Karnataka’s Minister for Health and Family Welfare, Dinesh Gundu Rao, attended the round table as chief guest and shared his personal connection to the issue, having lost his father to cancer at the age of 56.

“I was 22 or 23 when he passed away,” he recalled, and added, “My father had acute myeloid leukaemia. His sister and his mother also passed away from cancer. That’s when I realised that treatment isn’t just about medication, it’s about the entire approach, the whole support system.”

“There is no real argument for it to be not used. When we discuss treatment and procedures and well-being and health, everything is becoming more and more holistic. It’s not just about getting the right treatment; it’s also about how we approach it in a holistic manner.”

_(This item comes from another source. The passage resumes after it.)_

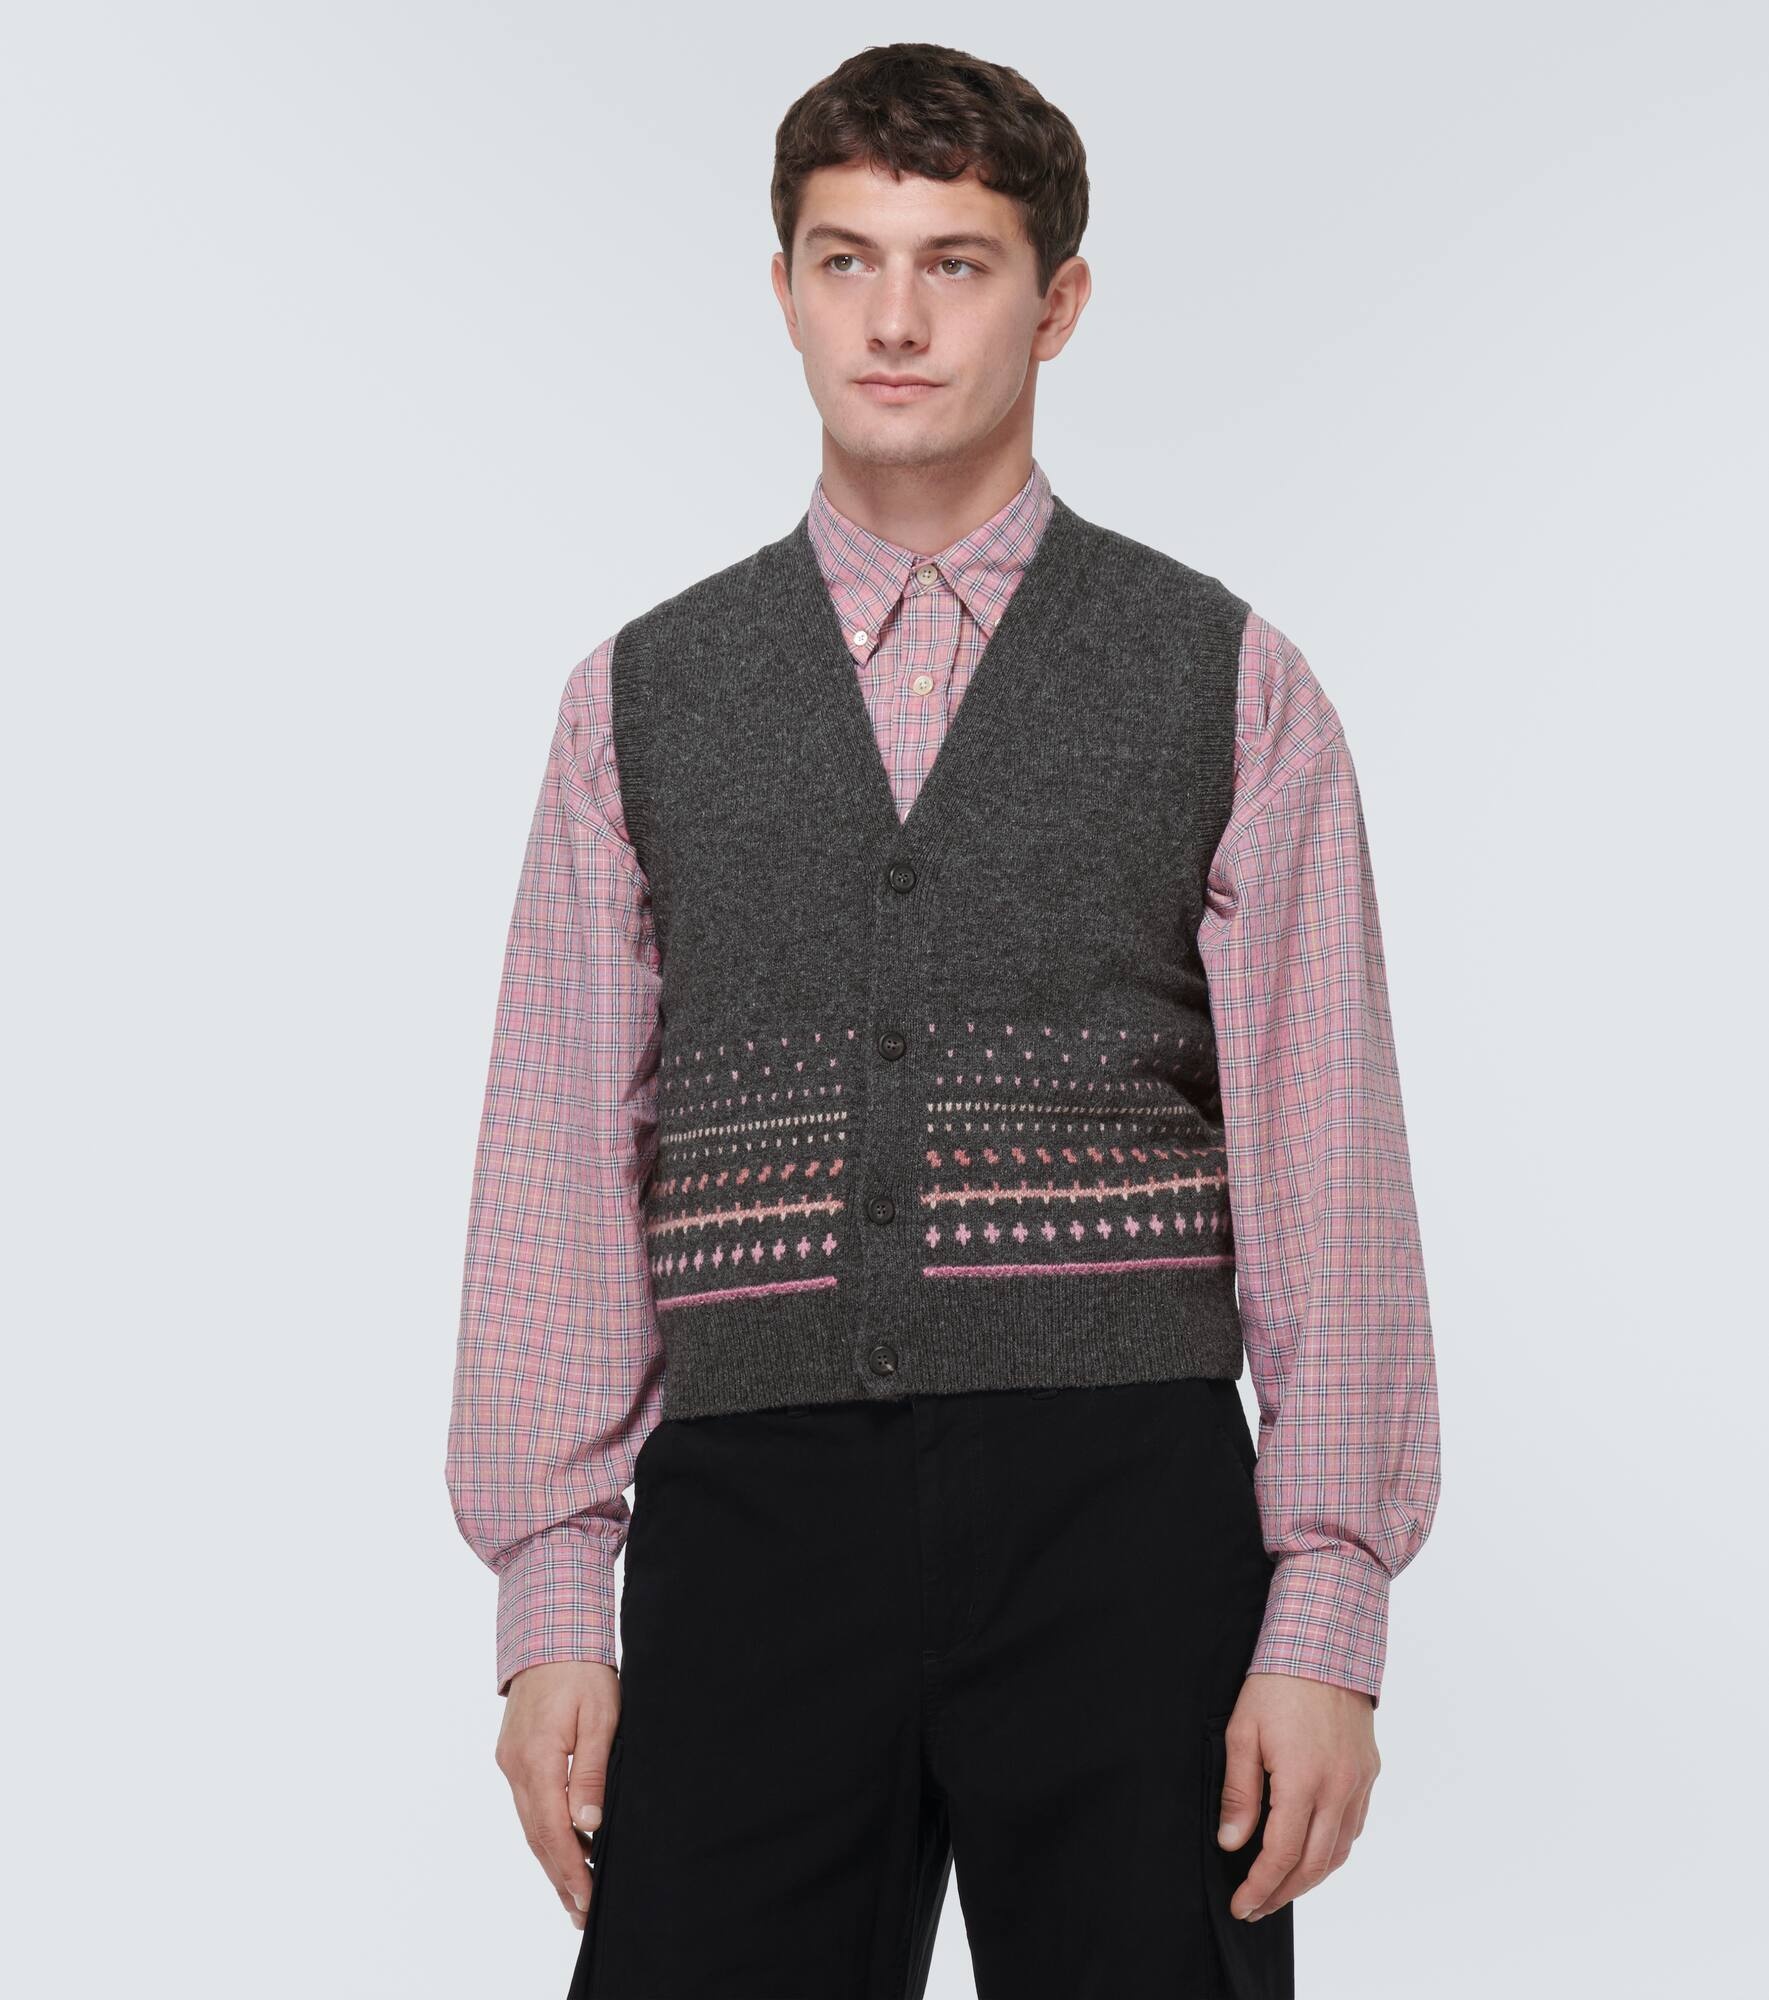 Wool sweater vest - 3

The minister further emphasised the government’s openness to actionable inputs from professionals, “I would request Dr Brindha also, that as the government, tell us what you expect us to do. We can try and incorporate those things. We can look at what we can do, if any specific suggestion is given by you or anybody over here, we will definitely have an open mind.”

The way forward: Embedding compassion into care

Dr Brindha emphasised that the round table is just the beginning, “These discussions will shape clinical training, institutional policies, and national advocacy. Our goal is to ensure that psycho-oncology becomes part of India’s cancer care framework — public and private alike.”

The larger aim is to transform how India treats cancer: Not just with cutting-edge drugs and radiation, but with compassion, mental health support, and holistic care.

“No quality cancer care is complete without addressing the psychosocial needs of patients,” Dr Brindha concluded, “Seeking help from a mental health professional is not a sign of weakness. It is a mark of strength.”

(Vedika Thorat is currently pursuing BA in Journalism and English from Christ University.)